§ YOUR GOAL
First find the line with "El smartwatch Huawei", then reproduce it and all following lines of the data to the end, exactly and with no pictures, adding nothing.

§ DATA EXCERPT
<<<<
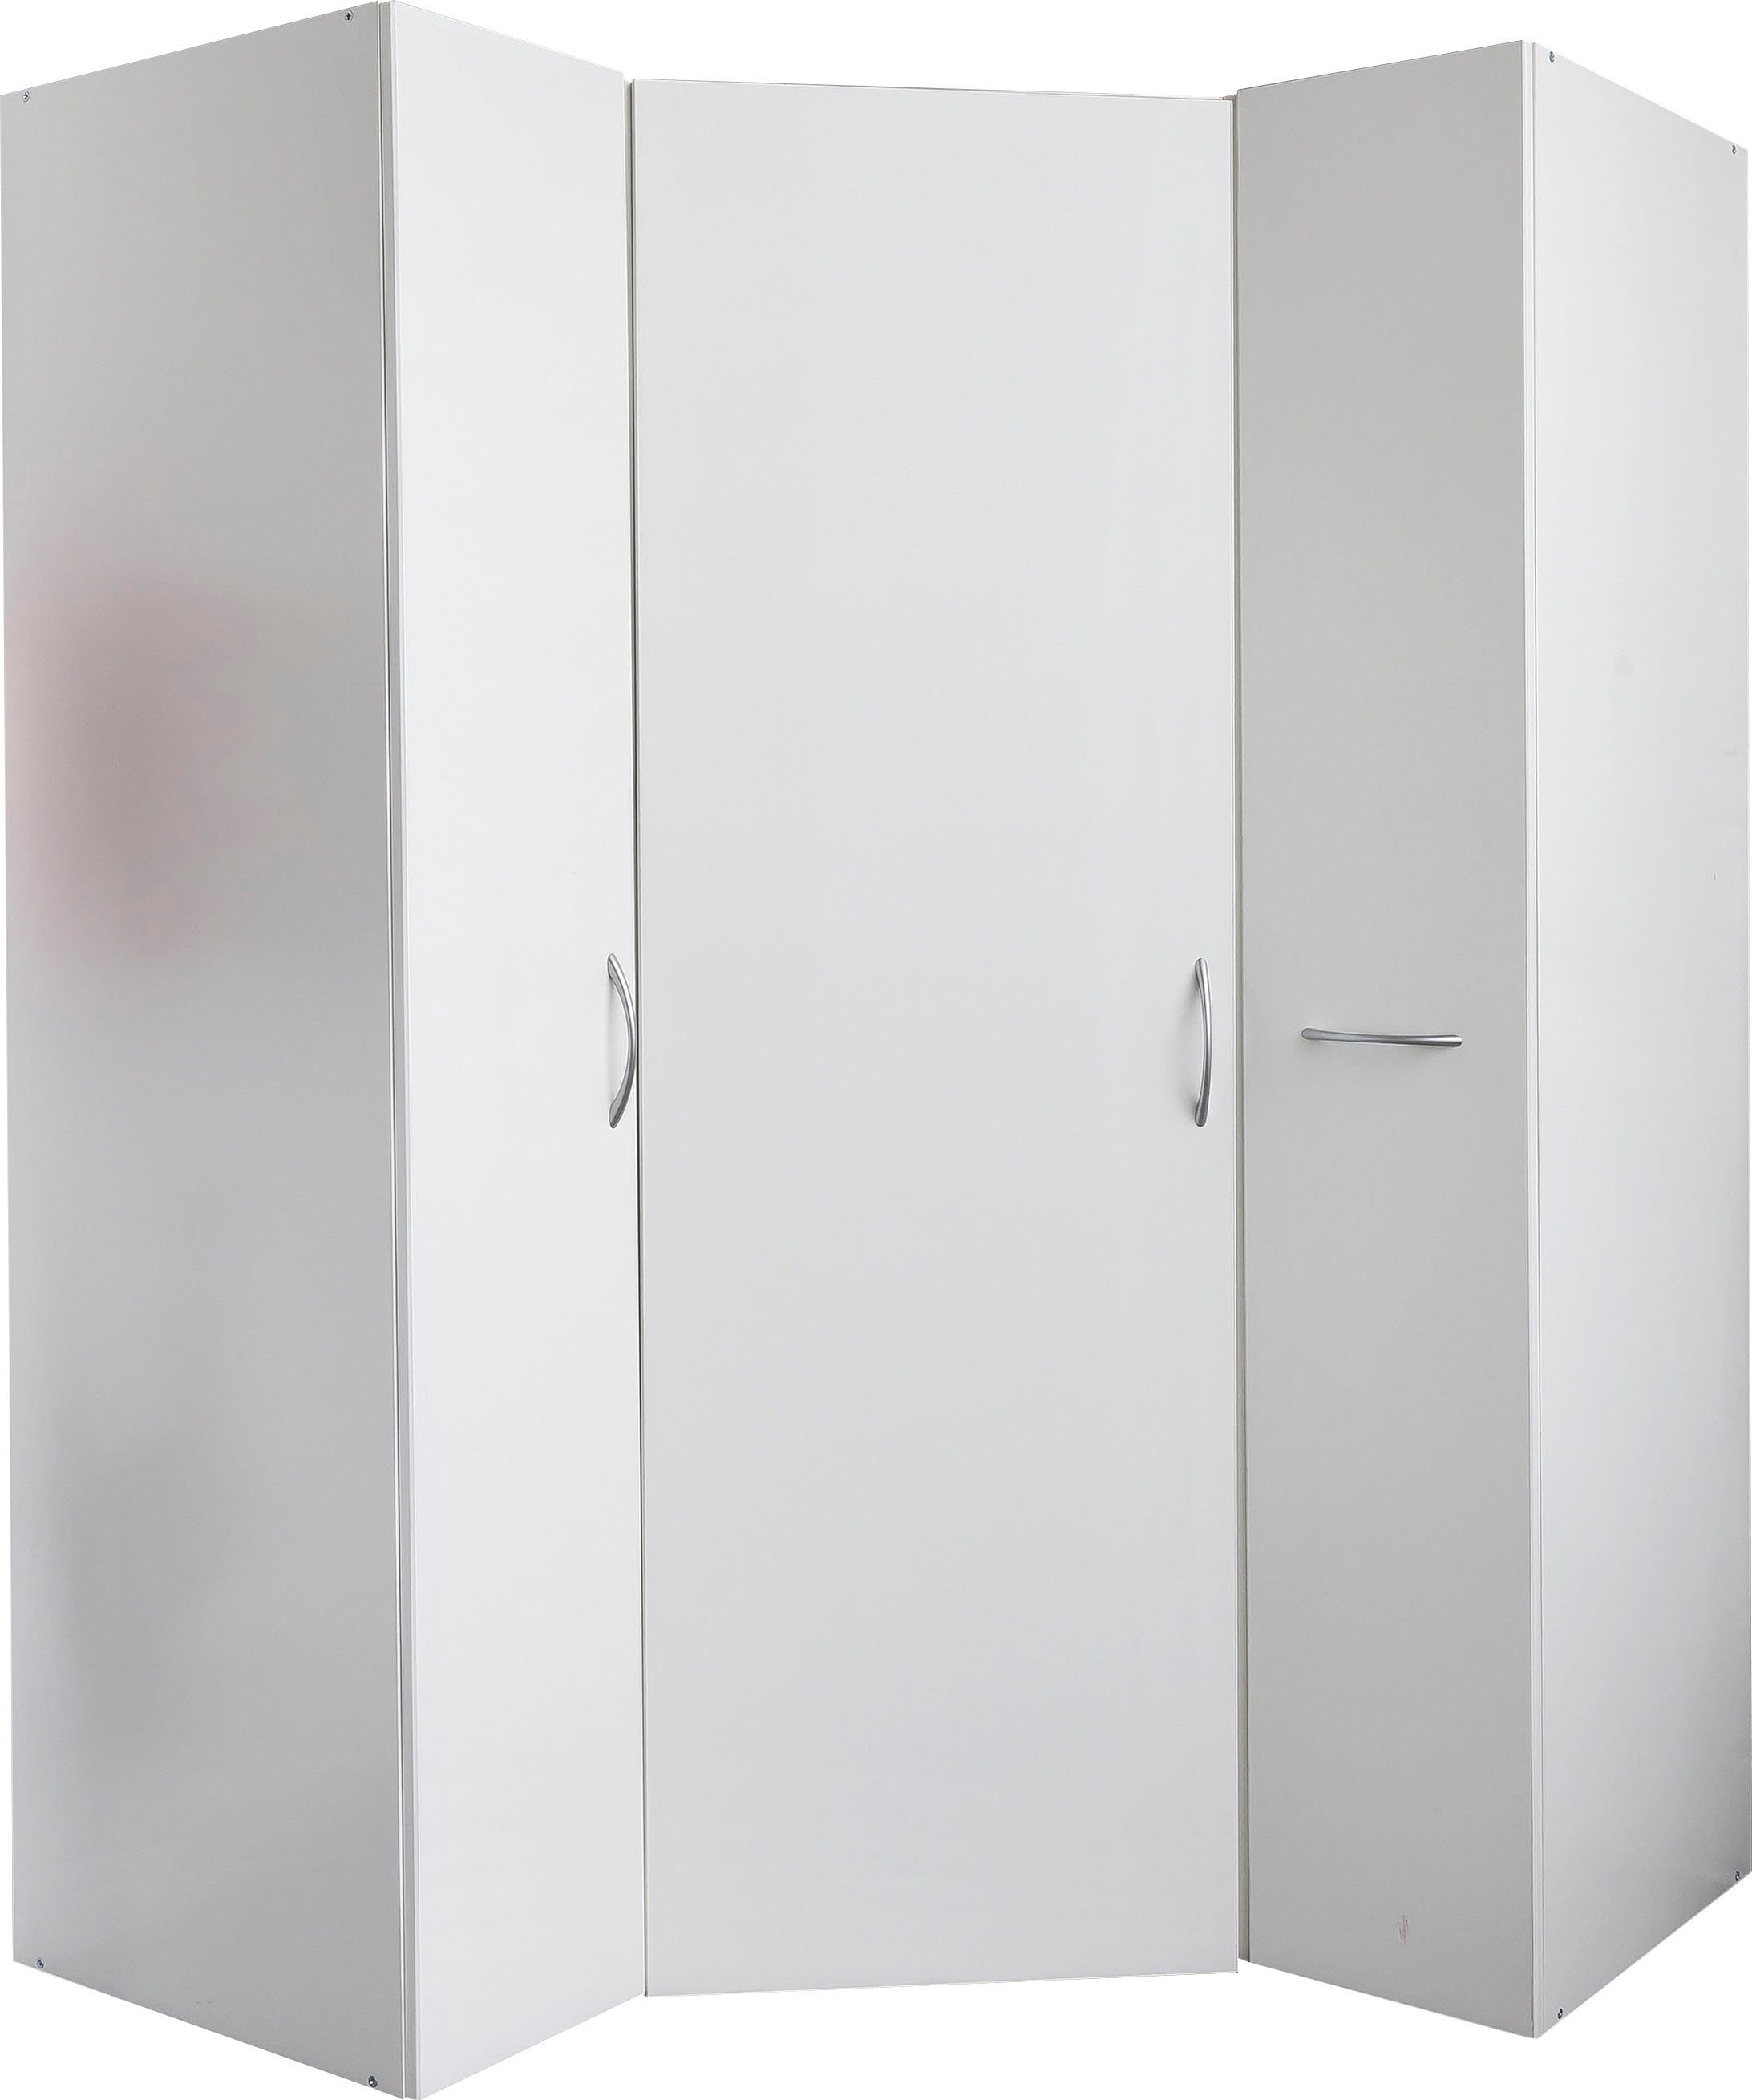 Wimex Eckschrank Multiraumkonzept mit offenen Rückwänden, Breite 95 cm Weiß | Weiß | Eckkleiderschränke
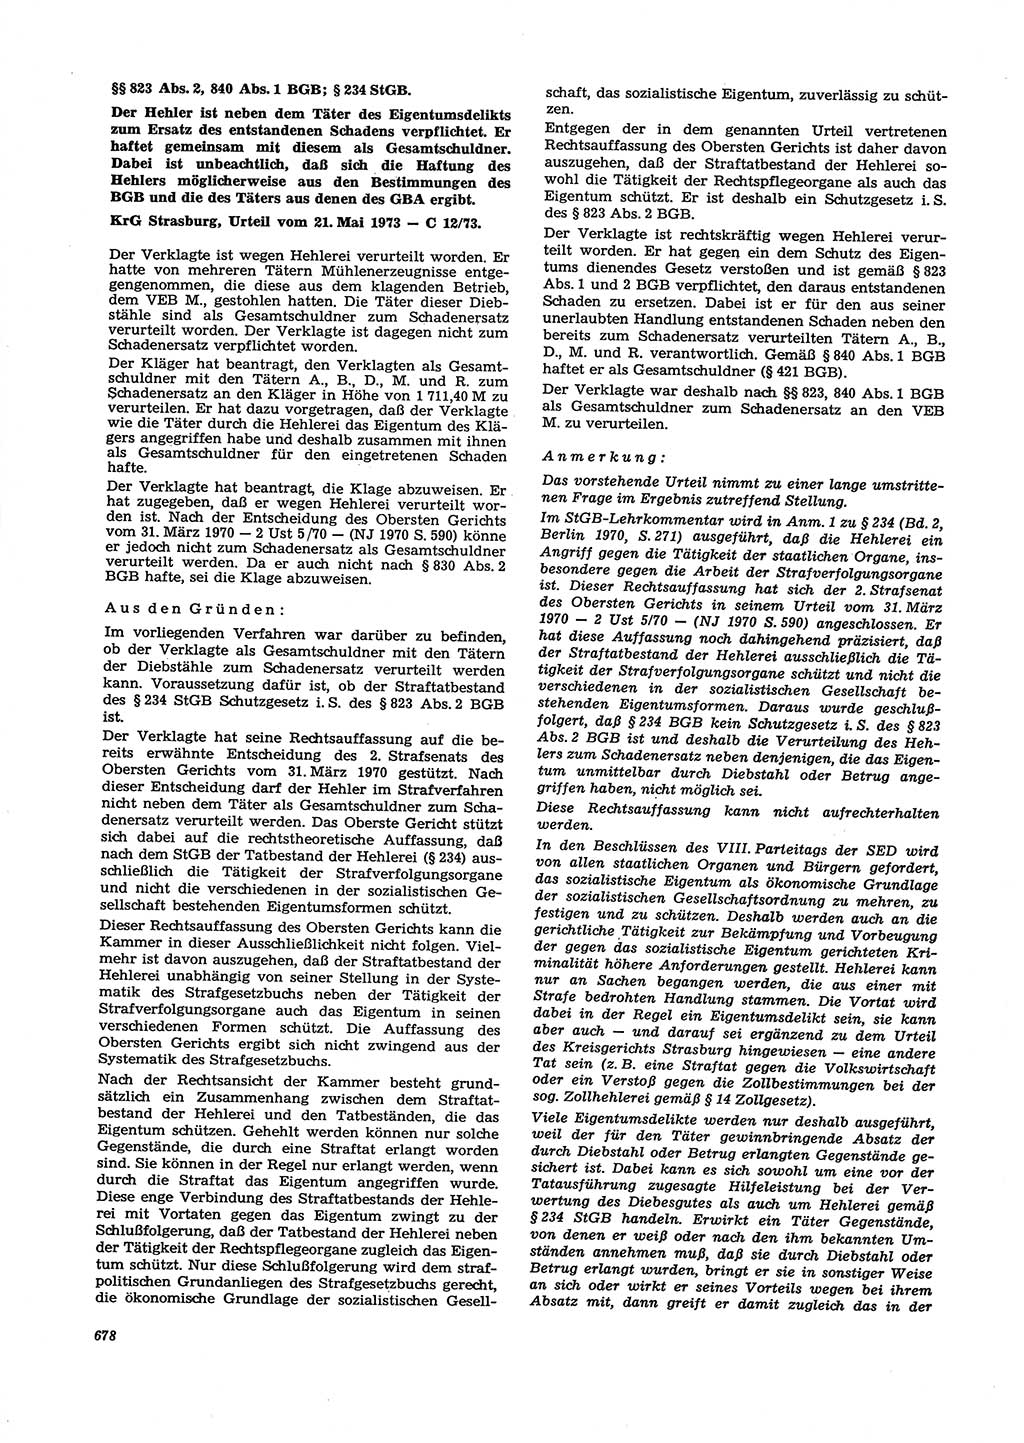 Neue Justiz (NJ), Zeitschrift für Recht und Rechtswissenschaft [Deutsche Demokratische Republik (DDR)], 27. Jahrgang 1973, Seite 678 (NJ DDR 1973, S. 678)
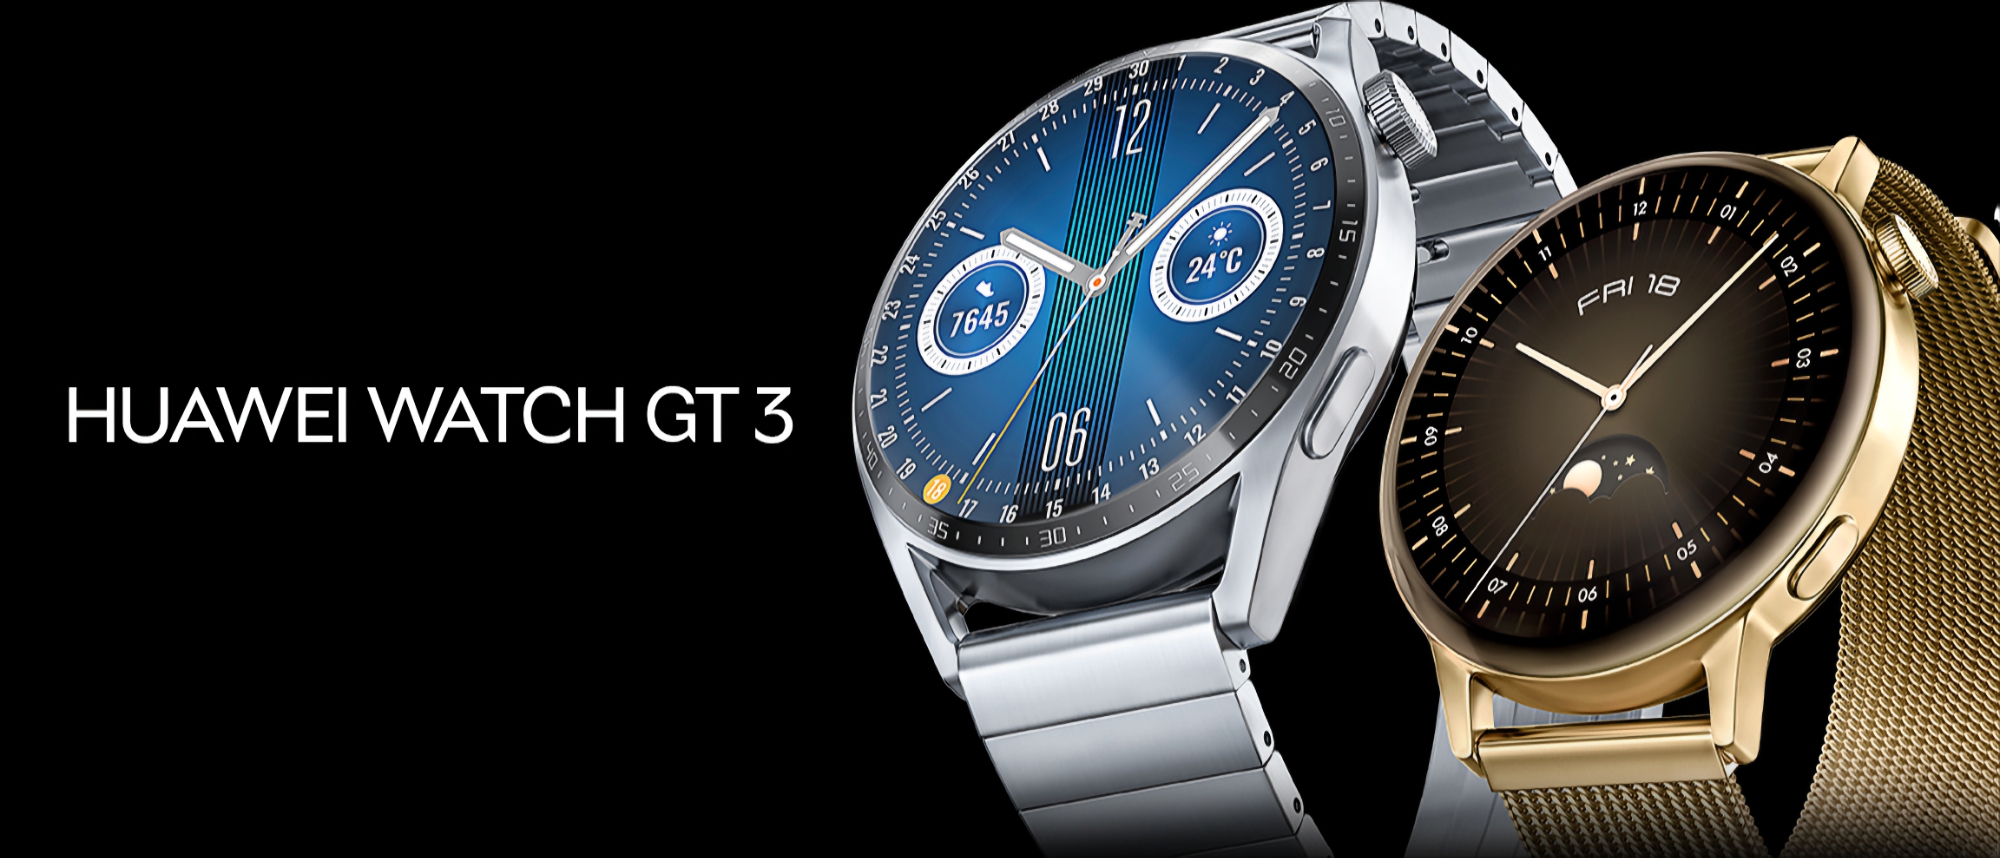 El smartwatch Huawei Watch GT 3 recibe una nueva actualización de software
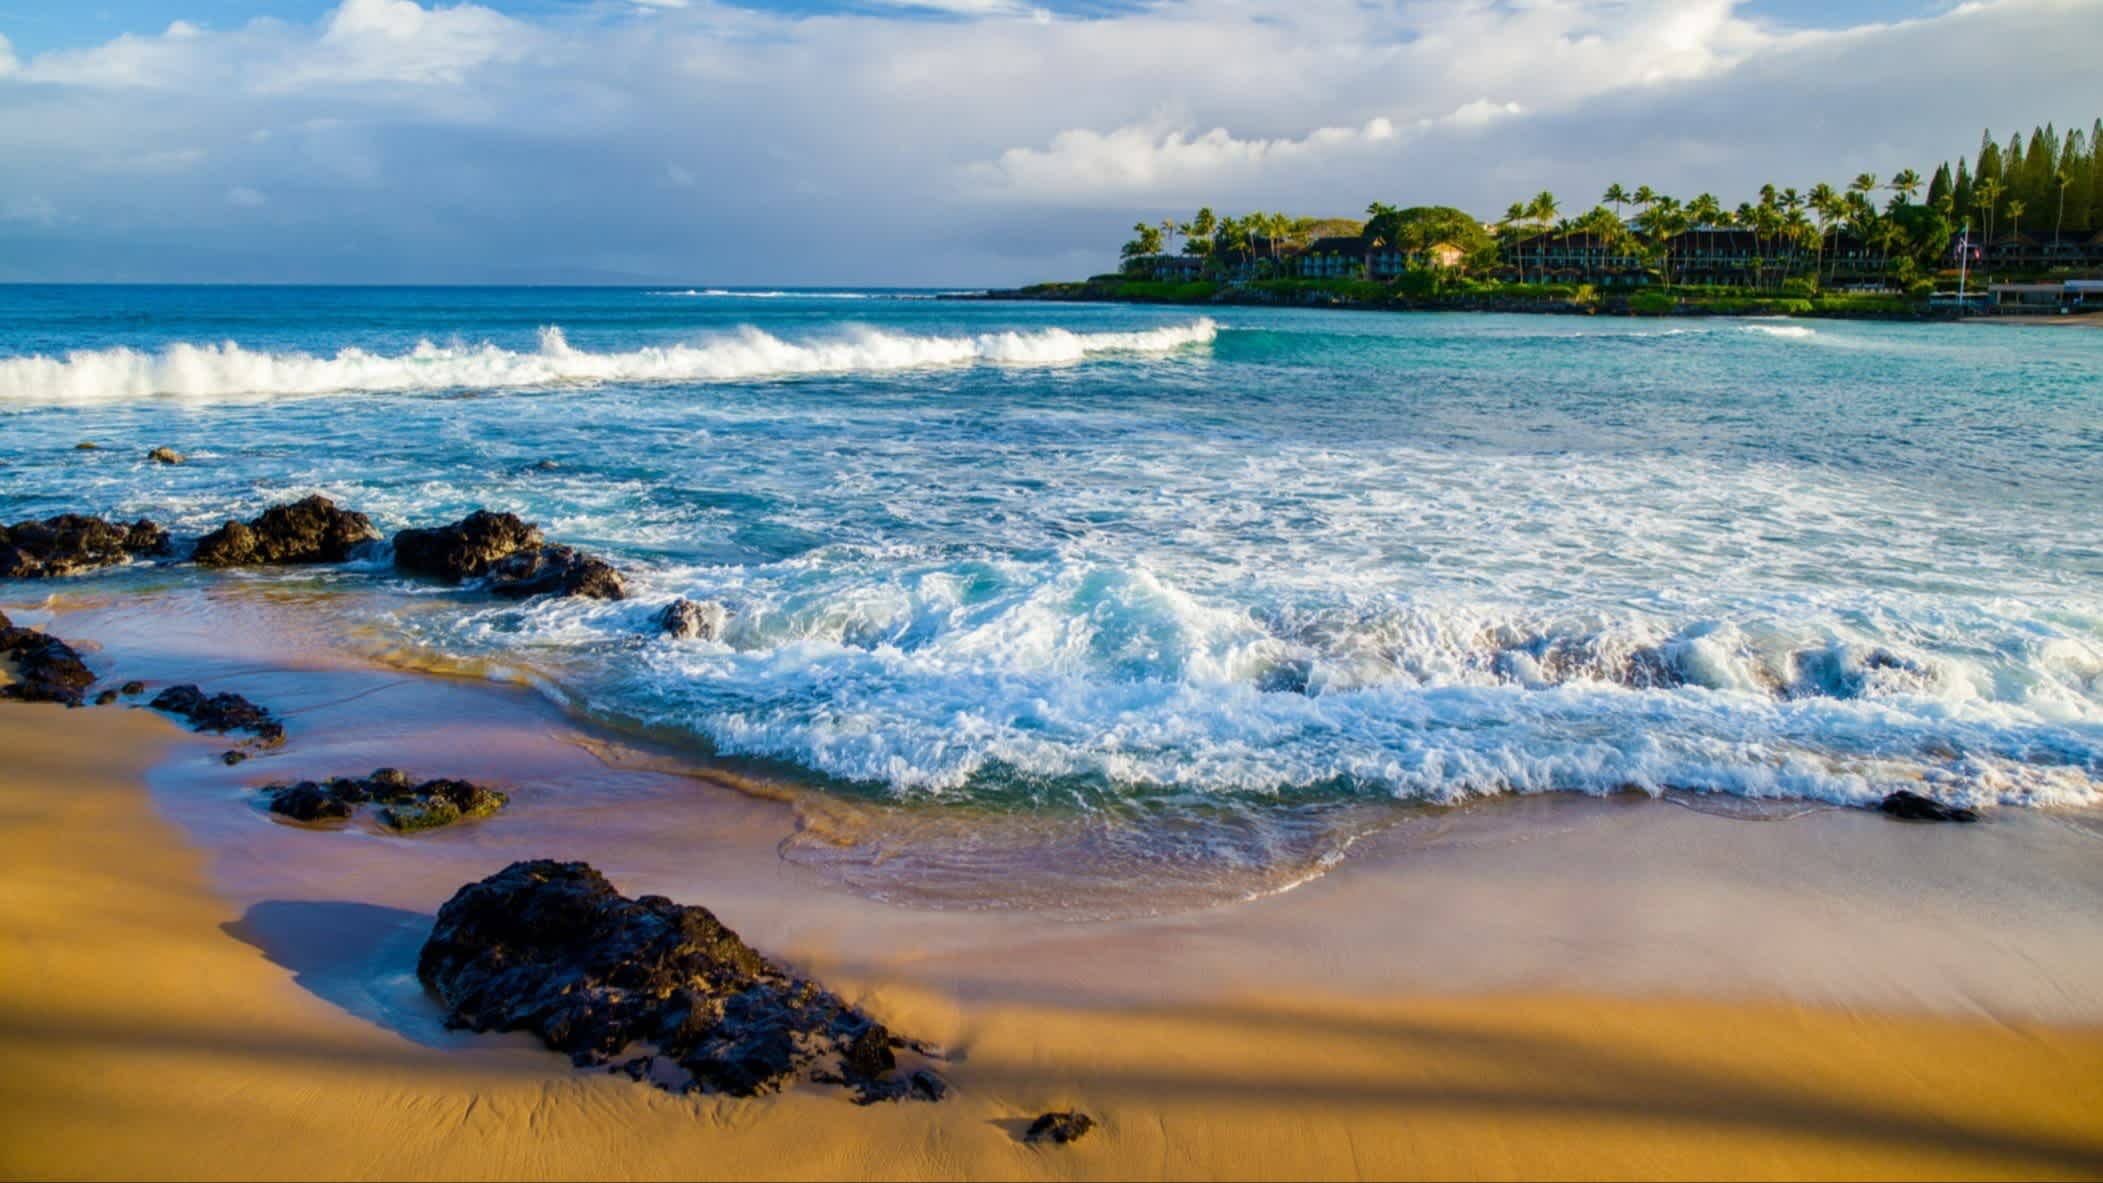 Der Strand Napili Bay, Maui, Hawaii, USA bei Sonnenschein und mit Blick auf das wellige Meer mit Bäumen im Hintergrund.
>>>>
§ RESPONSE
 El smartwatch Huawei Watch GT 3 recibe una nueva actualización de software
 Der Strand Napili Bay, Maui, Hawaii, USA bei Sonnenschein und mit Blick auf das wellige Meer mit Bäumen im Hintergrund.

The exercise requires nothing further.